[Try it] Within these entries, which lines include the string "Panorammma"? Copy each one.
"""
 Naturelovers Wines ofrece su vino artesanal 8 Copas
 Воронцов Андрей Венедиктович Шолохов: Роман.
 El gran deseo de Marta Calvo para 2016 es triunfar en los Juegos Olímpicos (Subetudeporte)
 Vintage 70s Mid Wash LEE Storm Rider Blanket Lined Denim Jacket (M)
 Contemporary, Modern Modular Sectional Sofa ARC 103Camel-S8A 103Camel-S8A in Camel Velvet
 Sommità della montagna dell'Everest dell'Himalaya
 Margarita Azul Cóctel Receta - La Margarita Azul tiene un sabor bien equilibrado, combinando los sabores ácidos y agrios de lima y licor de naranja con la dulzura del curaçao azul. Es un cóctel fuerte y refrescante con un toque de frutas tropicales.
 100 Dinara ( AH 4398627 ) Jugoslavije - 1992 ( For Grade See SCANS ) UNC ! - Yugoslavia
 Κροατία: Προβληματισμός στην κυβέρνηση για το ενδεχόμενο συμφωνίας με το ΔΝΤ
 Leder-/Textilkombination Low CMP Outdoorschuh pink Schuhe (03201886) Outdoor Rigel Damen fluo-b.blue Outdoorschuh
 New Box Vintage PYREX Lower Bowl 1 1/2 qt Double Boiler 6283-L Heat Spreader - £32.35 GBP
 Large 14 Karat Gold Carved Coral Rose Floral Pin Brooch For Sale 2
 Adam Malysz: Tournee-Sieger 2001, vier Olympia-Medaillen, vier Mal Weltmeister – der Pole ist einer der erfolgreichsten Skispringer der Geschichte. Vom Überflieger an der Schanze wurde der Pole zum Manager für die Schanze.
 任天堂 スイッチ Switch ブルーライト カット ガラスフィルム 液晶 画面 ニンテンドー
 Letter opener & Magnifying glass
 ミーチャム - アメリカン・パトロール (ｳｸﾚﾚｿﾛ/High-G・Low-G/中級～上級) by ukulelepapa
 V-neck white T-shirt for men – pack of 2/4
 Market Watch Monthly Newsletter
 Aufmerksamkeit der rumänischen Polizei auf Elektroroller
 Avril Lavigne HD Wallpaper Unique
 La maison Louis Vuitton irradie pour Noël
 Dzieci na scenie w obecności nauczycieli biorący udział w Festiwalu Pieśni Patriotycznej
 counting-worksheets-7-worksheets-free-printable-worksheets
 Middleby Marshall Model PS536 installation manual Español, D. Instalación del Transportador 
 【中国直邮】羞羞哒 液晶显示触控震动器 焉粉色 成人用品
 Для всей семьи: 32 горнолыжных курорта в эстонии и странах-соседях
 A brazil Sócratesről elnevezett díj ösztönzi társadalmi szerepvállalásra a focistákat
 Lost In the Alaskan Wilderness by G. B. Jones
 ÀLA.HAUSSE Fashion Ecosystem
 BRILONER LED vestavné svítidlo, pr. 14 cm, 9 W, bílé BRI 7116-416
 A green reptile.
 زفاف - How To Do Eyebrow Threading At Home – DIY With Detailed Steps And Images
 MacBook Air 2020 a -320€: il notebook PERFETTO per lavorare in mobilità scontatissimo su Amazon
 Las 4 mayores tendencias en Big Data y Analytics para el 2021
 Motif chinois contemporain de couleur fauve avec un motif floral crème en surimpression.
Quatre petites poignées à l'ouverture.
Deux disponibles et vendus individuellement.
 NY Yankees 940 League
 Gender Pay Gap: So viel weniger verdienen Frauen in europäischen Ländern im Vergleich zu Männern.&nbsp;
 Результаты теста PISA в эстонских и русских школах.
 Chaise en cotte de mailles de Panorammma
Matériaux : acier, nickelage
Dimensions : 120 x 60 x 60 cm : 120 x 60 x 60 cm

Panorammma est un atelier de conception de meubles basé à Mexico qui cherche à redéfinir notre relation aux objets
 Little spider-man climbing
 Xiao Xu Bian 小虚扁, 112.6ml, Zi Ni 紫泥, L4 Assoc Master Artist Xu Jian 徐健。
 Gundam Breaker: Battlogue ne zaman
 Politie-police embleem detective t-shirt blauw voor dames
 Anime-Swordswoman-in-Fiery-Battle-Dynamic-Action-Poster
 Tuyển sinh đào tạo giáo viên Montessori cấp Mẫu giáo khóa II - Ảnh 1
"""
[Answer box]
 Chaise en cotte de mailles de Panorammma
Panorammma est un atelier de conception de meubles basé à Mexico qui cherche à redéfinir notre relation aux objets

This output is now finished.